French Toast

2015-07-28 09.16.10RECIPE #31, DAY #29

ORIGINAL RECIPE: None again. It’s mine but it’s pretty much like lots of others

TIMING: 15 minutes


TOOLS: A whisk and a griddle pan or cast iron

COOK TYPE: Stove top

2015-07-28 09.08.44HEALTH: Home-making your French toast means it’s going to be better for you than your average restaurant French toast or (do they even make this?) boxed French toast. The health factor will depend largely on your bread choice and your topping choices. For your bread, whole grains are ideal, but you also want a bread that will dissolve a little in the dip. So the heartier your bread, the longer the soak? I used a high-quality, simple-ingredient, stiff white bread. Brioche or challah is always a favorite here.

EXPERIENCE: I asked my daughter what breakfast she wanted to serve at her sleep over, and she said “crepes.” I said, “No way.” Not only was her guest French, but I don’t do crepes because it’s one of the only things my husband makes. She said “French toast,” and fully understanding that it is not actually French, I said, “Cool.”

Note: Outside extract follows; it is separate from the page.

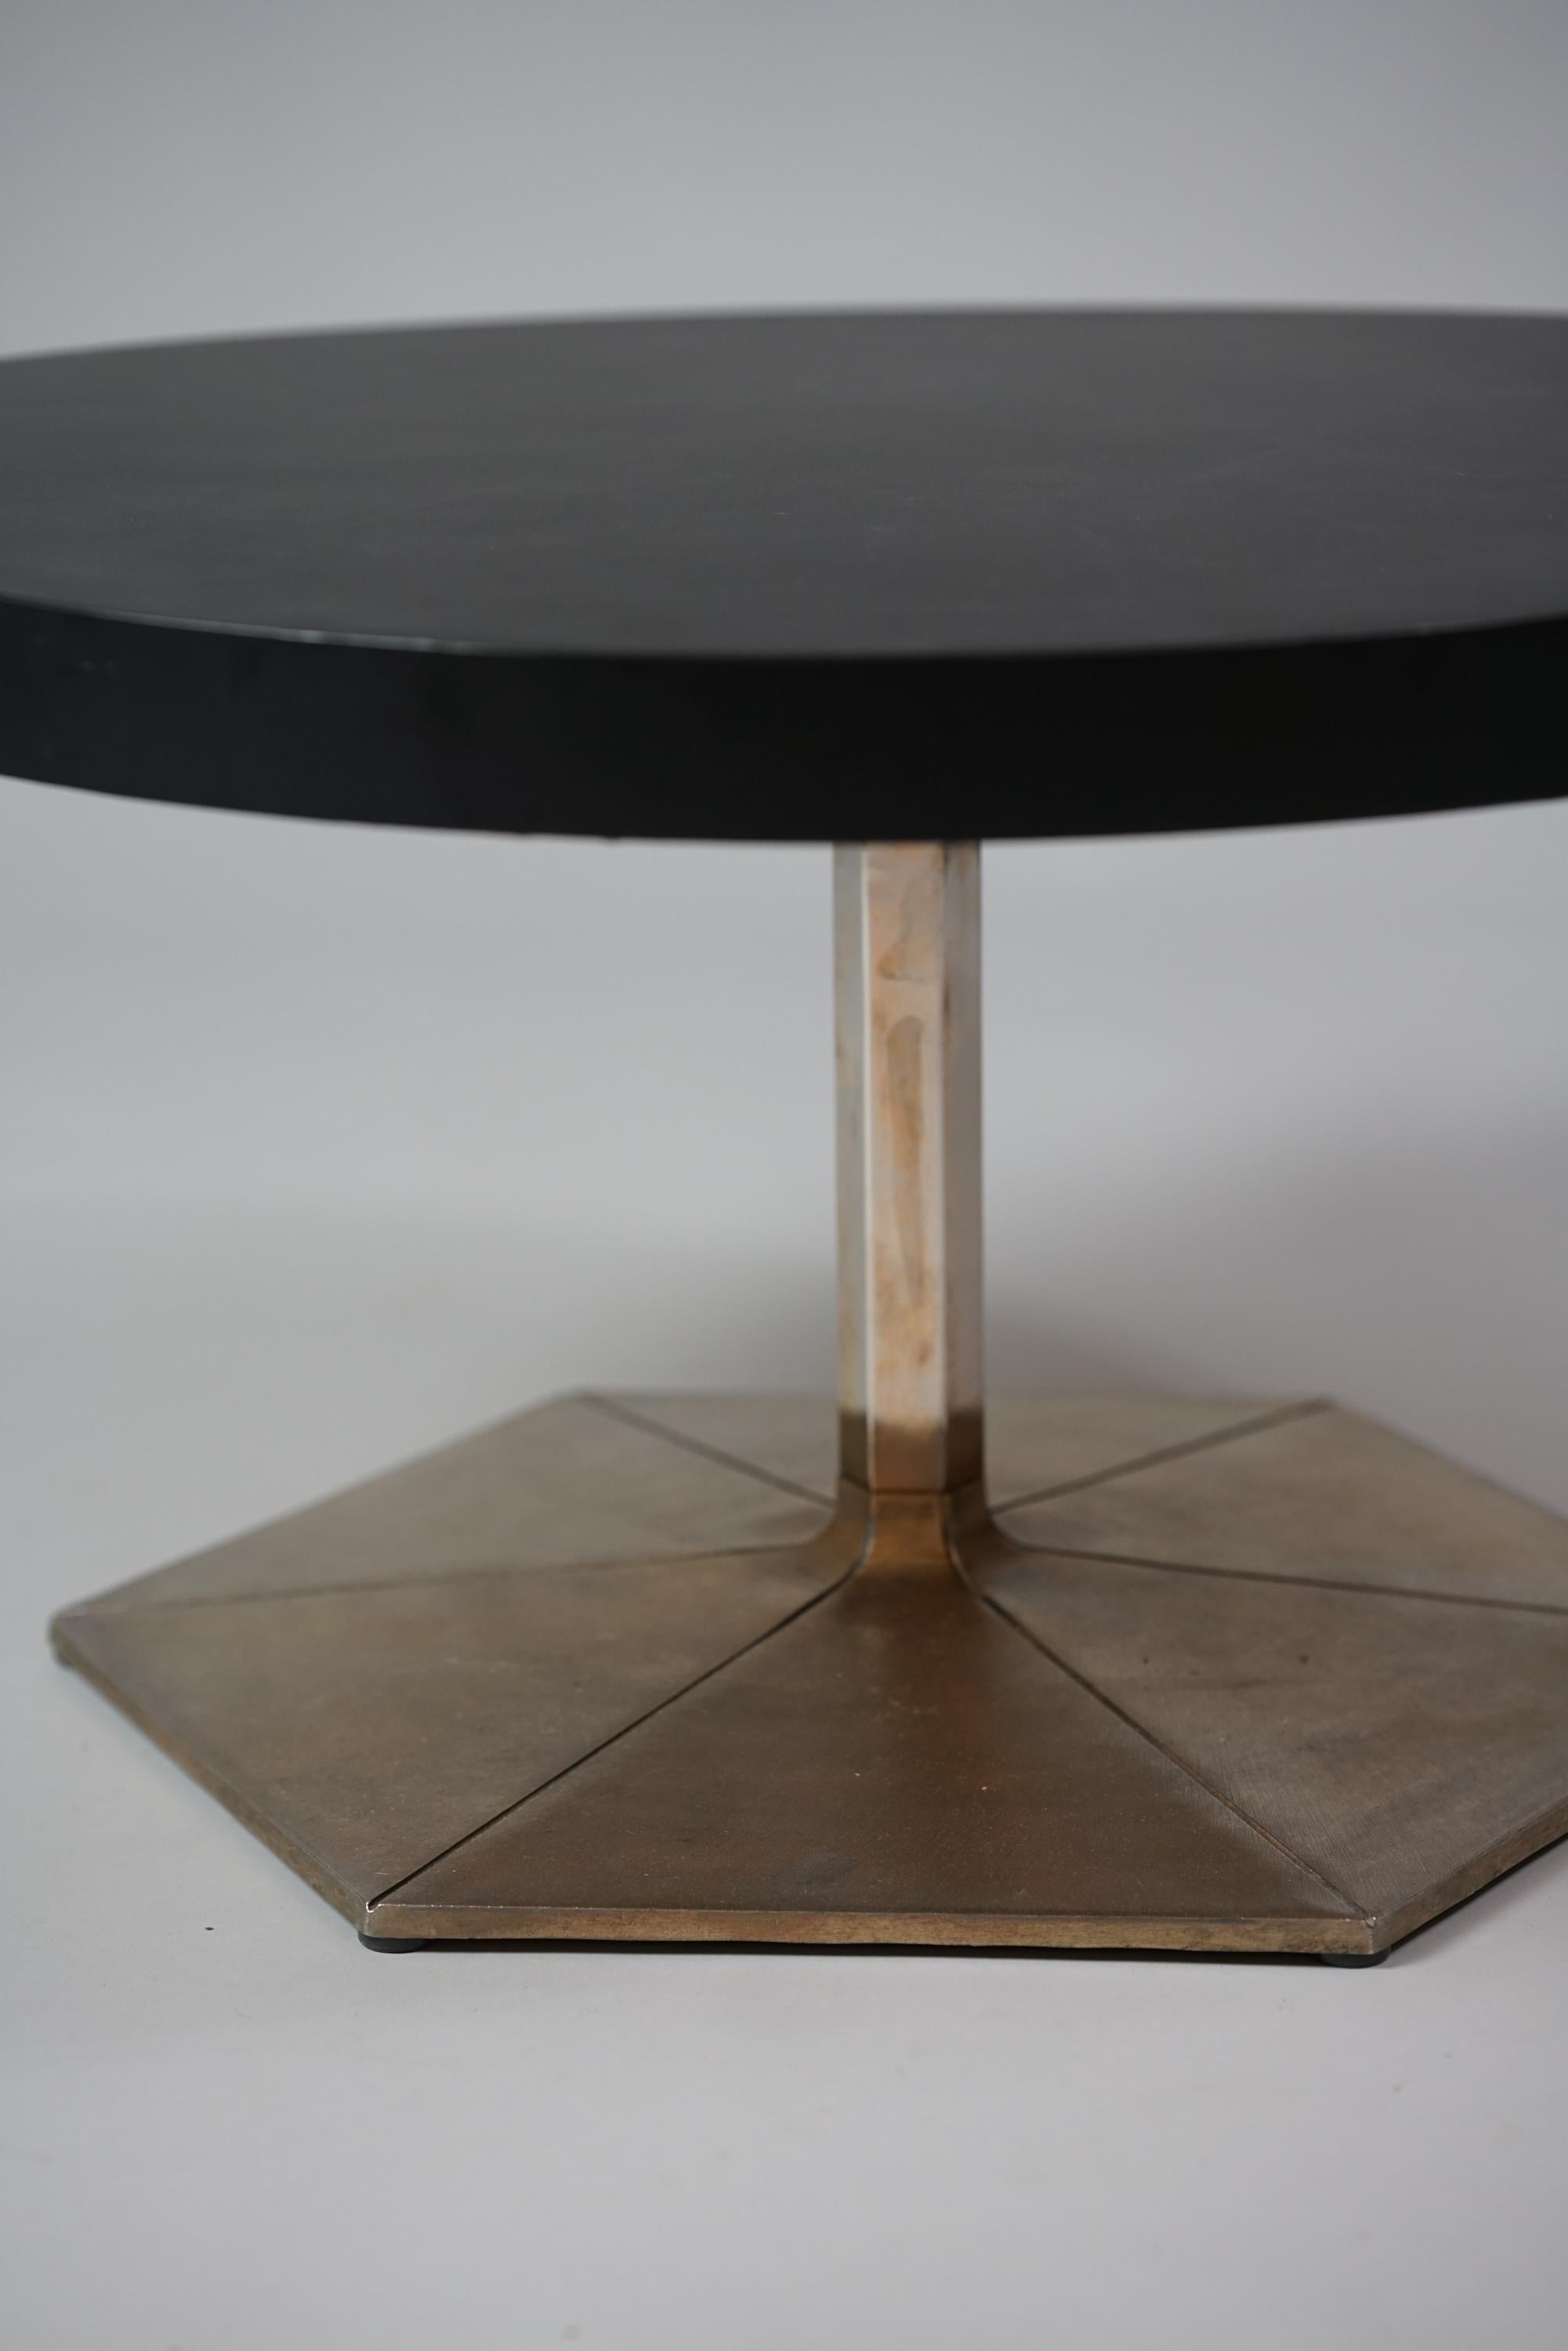 Model Prisma coffee table by Voitto Haapalainen for Tehokaluste Oy from the 1970s. Wood and steel. Iconic design. Good vintage condition, patina and wear consistent with age and use.

I really threw my heart and soul into making this French Toast this time, because, let’s be real, in the past I have sort of bumped around the kitchen in the morning throwing this and that into a bowl and calling it a day. Now, I was out to master the French Toast by culling together all the advice I had been gathering for about 15 years.

It paid off.

NOTES: This is enough batter (?) for a whole loaf of sliced bread.

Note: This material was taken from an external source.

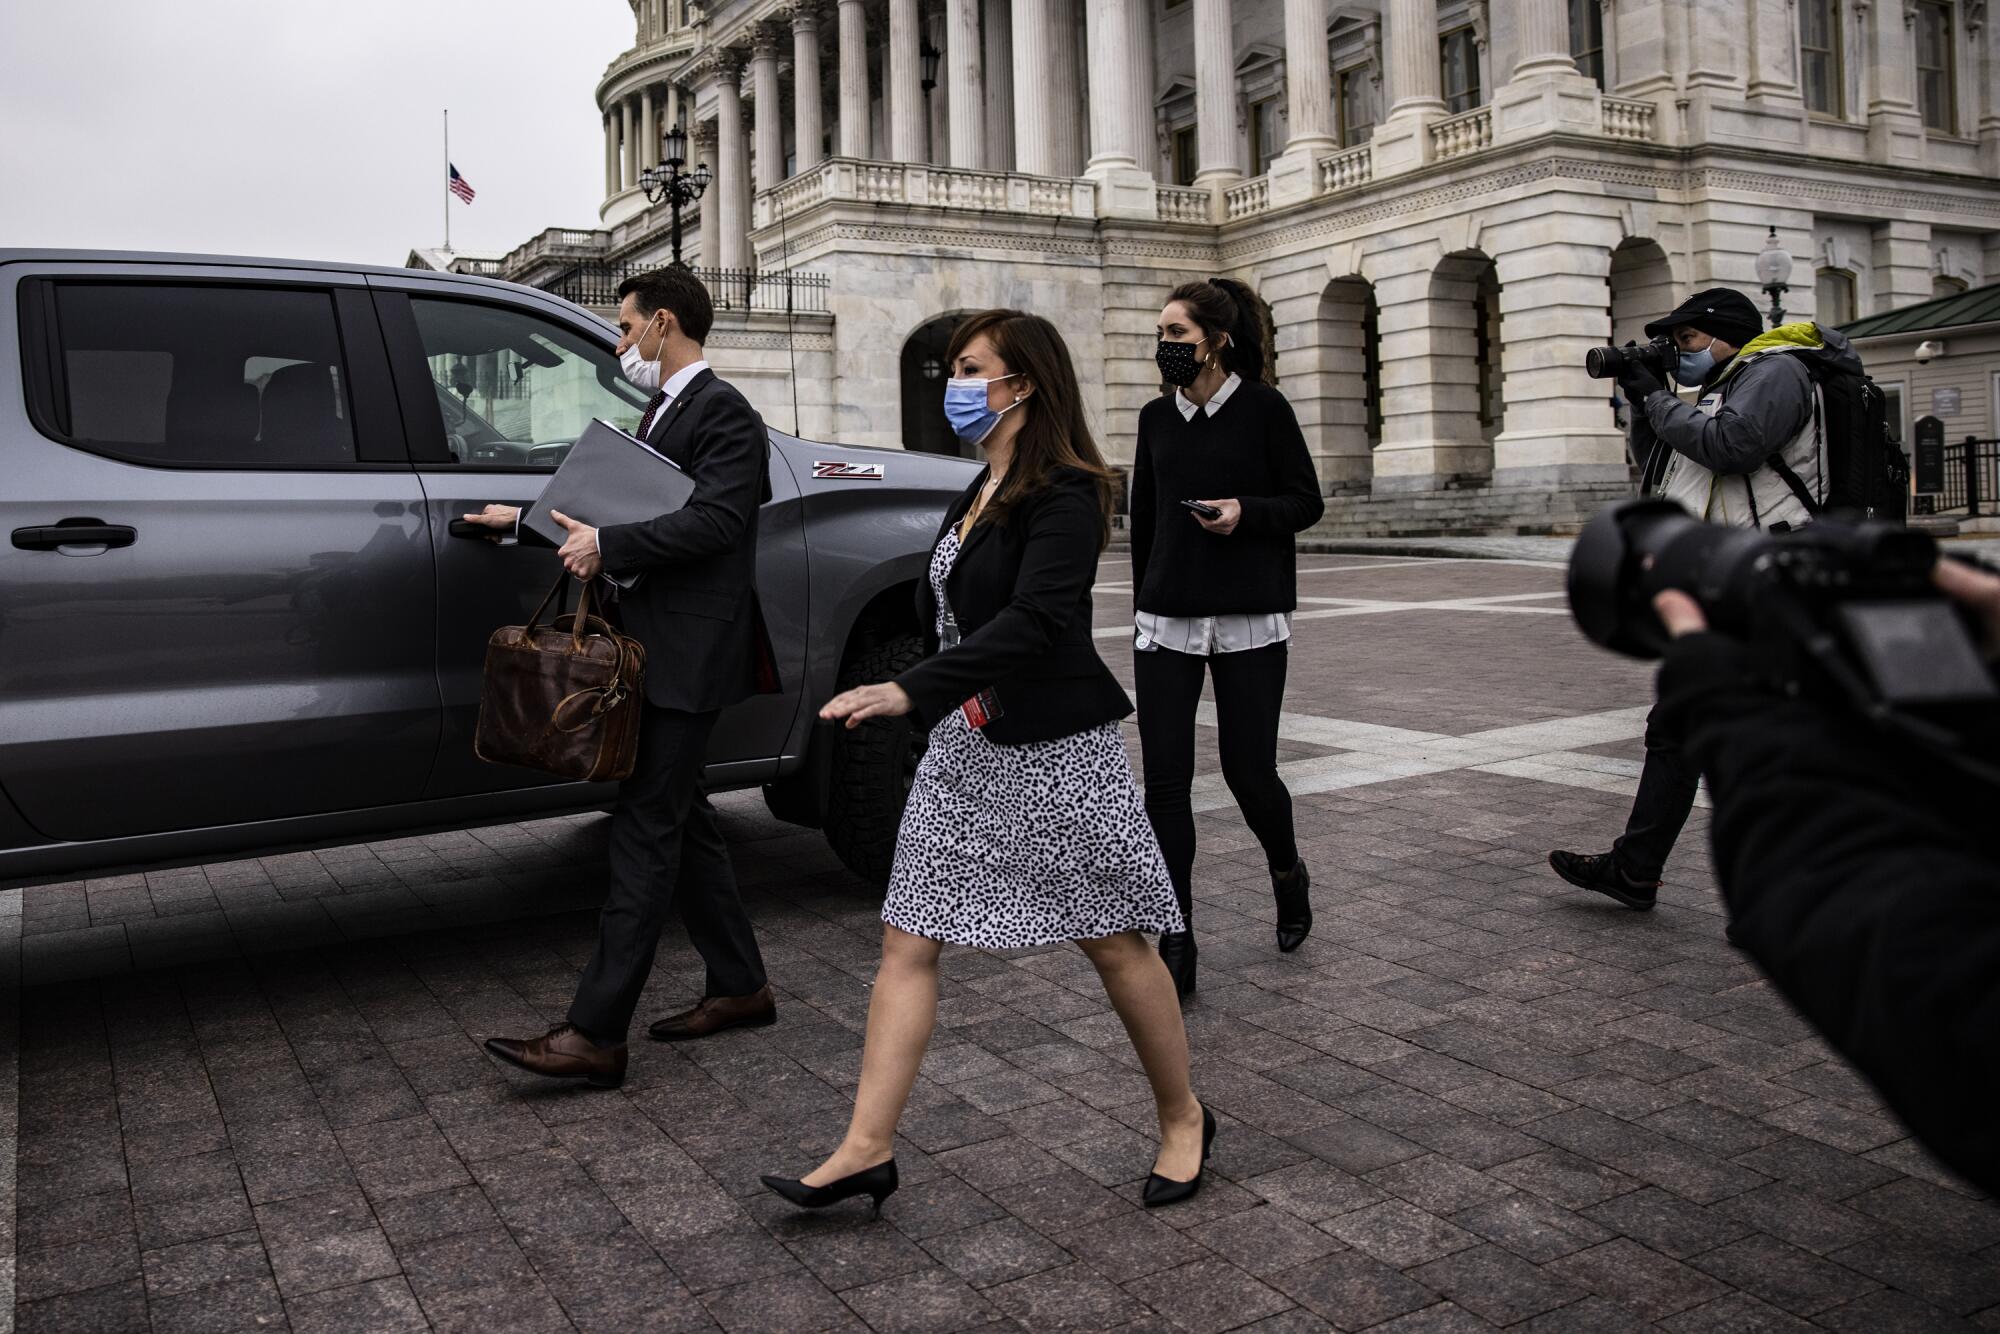 A senator opens the door to an SUV outside the Capitol

You could also add the zest and juice of an orange to the liquid, if that sounds good to you.

Another option is to make a crispy French toast, which would involve the processing of a healthful cereal, like natural corn flakes, and dredging the bread in the cereal after the liquid.

Do not omit the sugar or the salt. It’s a crucial part of what makes this version good.

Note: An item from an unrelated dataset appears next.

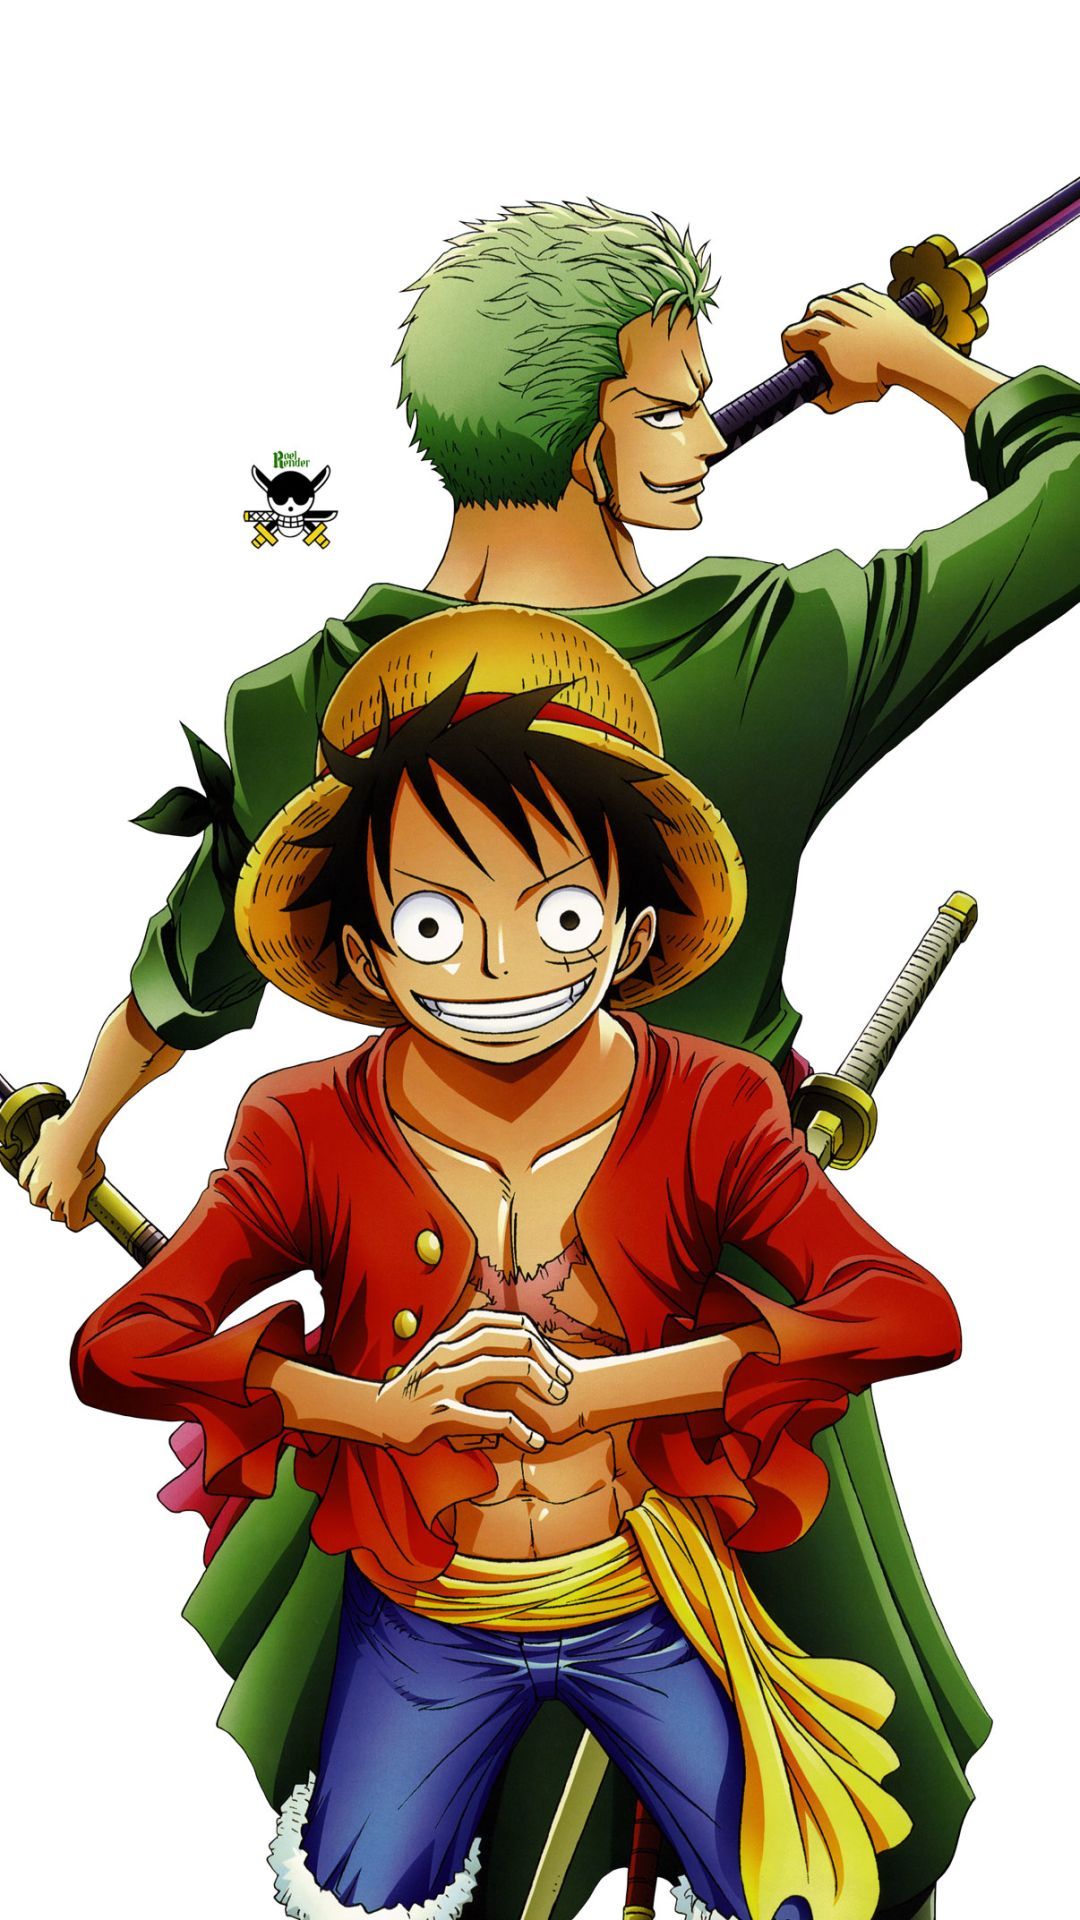 Luffy One Piece Image Is Best Wallpaper on flowerswallpaper.info, if you like it. #iphone #android #w. Anime wallpaper iphone, One piece image, Cartoon wallpaper

  1. Preheat your griddle or cast iron pan over medium (or just a touch higher) heat.
  2. In a medium mixing bowl, whisk 5 eggs until consistent. Whisk in 1/4 cup granulated (or powdered) sugar. Whisk in 1 teaspoon ground cinnamon, 1/2 teaspoon vanilla extract, and 1/2 teaspoon salt. Whisk in 2 cups milk.
  3. Dip 1 slice bread in the liquid, completely submerging it. Lift it and allow the excess to drain off. Place on the griddle and add more slices of dipped bread until your griddle is loosely full.
  4. Turn over slices when they have browned and are not glistening with raw egg anywhere. Cook until brown on the second side, which will be much quicker.
  5. Repeat for remaining loaf of bread, keeping platter warm in a 200F degree oven.


Serve with butter, maple syrup, and a glass of orange juice. Or be all healthy and serve with fresh fruit and a sprinkle of powdered sugar and maybe a cup of hot orange tea.